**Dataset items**
============

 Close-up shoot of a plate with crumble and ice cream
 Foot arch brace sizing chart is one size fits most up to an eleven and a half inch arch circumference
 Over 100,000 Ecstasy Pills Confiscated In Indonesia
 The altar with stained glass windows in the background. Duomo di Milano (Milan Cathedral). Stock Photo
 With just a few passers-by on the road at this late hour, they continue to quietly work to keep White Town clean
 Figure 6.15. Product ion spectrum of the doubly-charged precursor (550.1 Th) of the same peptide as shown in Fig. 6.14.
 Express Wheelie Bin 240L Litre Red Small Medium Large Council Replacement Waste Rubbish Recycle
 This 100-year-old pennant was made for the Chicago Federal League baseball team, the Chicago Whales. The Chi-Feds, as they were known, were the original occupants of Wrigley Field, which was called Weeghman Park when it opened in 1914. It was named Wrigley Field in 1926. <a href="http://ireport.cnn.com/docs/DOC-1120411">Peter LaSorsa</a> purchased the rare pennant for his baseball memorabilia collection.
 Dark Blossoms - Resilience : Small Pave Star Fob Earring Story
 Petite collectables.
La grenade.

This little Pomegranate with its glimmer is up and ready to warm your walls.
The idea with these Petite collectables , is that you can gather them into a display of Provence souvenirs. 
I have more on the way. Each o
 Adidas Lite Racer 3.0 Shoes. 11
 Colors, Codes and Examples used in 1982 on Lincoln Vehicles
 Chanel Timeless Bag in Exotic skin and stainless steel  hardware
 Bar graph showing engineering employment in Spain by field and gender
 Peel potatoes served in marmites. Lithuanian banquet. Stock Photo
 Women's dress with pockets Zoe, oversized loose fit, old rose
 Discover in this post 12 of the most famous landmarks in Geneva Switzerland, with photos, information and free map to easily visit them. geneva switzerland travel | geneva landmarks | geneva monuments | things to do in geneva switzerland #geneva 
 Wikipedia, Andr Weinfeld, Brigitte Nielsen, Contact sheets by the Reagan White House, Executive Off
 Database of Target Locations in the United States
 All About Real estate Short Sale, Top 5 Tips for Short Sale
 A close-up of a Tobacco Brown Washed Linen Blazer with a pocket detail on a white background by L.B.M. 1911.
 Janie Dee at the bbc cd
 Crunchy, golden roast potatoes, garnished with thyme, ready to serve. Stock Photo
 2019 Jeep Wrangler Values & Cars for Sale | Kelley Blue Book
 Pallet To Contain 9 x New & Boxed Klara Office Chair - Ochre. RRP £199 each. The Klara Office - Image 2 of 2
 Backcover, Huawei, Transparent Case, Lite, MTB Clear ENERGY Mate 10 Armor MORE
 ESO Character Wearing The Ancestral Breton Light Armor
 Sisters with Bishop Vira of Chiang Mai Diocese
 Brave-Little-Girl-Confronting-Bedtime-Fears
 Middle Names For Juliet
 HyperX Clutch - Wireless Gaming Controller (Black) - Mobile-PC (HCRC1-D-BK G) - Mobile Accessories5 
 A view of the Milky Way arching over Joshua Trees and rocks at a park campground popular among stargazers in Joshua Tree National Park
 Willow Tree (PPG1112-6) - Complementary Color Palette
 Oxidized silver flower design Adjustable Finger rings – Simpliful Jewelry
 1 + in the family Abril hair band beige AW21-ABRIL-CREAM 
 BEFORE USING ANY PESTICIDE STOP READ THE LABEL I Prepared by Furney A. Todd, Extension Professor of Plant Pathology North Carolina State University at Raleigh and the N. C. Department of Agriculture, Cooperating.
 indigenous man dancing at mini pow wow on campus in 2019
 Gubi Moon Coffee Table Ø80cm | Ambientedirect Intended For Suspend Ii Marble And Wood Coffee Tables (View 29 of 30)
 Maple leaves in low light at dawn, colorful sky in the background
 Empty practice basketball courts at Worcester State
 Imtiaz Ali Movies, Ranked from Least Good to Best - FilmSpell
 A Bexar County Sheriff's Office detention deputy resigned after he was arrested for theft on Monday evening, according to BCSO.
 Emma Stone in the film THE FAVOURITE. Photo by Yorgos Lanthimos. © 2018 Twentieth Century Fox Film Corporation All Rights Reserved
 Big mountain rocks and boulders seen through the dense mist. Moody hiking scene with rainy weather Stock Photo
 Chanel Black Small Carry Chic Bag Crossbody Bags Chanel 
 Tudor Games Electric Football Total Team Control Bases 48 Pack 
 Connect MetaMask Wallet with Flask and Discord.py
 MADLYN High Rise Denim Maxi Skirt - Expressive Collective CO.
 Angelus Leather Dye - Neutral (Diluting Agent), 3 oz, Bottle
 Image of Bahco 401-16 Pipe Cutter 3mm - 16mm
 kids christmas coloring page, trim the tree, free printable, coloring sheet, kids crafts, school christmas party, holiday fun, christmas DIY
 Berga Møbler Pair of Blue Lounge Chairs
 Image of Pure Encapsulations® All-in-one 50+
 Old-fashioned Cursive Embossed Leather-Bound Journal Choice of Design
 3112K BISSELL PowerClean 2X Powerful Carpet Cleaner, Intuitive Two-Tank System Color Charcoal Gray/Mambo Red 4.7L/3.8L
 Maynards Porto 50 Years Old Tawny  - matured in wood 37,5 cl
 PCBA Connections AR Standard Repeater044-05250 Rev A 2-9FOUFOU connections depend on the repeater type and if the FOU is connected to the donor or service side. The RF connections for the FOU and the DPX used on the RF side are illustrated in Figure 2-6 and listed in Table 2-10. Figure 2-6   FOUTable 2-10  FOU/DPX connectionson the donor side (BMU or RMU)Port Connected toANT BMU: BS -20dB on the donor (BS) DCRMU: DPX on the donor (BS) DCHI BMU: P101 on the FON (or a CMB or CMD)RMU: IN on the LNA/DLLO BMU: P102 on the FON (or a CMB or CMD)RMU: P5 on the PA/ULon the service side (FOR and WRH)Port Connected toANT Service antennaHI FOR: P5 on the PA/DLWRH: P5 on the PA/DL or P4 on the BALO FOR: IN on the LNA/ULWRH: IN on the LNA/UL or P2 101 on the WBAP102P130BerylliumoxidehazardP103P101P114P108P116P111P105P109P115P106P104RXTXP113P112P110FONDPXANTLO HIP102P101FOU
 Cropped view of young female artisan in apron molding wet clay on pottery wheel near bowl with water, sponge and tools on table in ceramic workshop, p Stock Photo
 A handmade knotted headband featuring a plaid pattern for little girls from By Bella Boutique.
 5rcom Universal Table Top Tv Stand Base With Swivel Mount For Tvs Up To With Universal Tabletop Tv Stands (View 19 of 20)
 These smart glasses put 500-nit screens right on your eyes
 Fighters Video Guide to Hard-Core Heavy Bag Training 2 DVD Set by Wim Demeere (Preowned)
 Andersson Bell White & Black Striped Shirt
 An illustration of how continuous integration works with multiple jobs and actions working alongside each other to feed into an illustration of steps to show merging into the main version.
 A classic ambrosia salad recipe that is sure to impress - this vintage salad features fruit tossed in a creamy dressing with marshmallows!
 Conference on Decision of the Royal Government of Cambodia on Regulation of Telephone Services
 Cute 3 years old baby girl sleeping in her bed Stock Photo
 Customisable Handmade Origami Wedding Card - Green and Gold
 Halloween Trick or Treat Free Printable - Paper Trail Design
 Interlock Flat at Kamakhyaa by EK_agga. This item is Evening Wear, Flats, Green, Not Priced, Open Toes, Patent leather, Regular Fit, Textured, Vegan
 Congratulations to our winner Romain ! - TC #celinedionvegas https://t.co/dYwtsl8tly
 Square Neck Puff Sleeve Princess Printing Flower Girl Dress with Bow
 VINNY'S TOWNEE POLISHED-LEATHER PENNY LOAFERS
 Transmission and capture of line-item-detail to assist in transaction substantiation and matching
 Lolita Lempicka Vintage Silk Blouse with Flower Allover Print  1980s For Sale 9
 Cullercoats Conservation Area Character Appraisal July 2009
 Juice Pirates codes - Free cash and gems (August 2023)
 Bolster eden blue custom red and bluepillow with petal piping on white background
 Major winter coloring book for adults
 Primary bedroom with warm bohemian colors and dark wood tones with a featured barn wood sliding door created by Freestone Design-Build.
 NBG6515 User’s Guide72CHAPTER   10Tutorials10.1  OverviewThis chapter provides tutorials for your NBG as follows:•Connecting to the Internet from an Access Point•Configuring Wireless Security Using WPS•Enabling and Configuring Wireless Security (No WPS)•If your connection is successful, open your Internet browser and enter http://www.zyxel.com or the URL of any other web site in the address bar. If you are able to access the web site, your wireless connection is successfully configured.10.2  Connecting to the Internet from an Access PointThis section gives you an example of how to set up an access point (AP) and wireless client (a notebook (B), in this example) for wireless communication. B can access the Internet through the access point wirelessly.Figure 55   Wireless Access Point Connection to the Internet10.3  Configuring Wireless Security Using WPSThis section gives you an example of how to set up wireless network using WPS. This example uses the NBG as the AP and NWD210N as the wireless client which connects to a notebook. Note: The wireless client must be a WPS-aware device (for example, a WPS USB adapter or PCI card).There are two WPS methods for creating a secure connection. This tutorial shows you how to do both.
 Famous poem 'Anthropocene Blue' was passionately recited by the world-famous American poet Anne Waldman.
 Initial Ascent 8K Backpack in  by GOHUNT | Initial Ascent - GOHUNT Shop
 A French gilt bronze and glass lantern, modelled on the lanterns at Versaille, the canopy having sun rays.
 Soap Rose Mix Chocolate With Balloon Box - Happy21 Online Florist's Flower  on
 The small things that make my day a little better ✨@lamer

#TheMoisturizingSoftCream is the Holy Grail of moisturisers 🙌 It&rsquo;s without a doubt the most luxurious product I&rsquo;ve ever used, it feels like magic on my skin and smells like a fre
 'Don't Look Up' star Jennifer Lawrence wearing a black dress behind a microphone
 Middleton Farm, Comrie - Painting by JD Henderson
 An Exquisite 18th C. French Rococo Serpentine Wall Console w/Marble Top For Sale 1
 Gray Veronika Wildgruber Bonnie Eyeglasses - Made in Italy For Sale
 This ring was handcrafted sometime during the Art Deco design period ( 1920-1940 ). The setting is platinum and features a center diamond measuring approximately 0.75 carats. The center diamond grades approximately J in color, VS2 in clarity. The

============

**EXERCISE AIM**
Would you print, exactly as written, every line above from the one holding "Petite collectables." through the one holding "Adidas Lite Racer 3.0 Shoes. 11", with both included and no other lines?

**RESPONSE FOR THIS EXERCISE**
 Petite collectables.
La grenade.

This little Pomegranate with its glimmer is up and ready to warm your walls.
The idea with these Petite collectables , is that you can gather them into a display of Provence souvenirs. 
I have more on the way. Each o
 Adidas Lite Racer 3.0 Shoes. 11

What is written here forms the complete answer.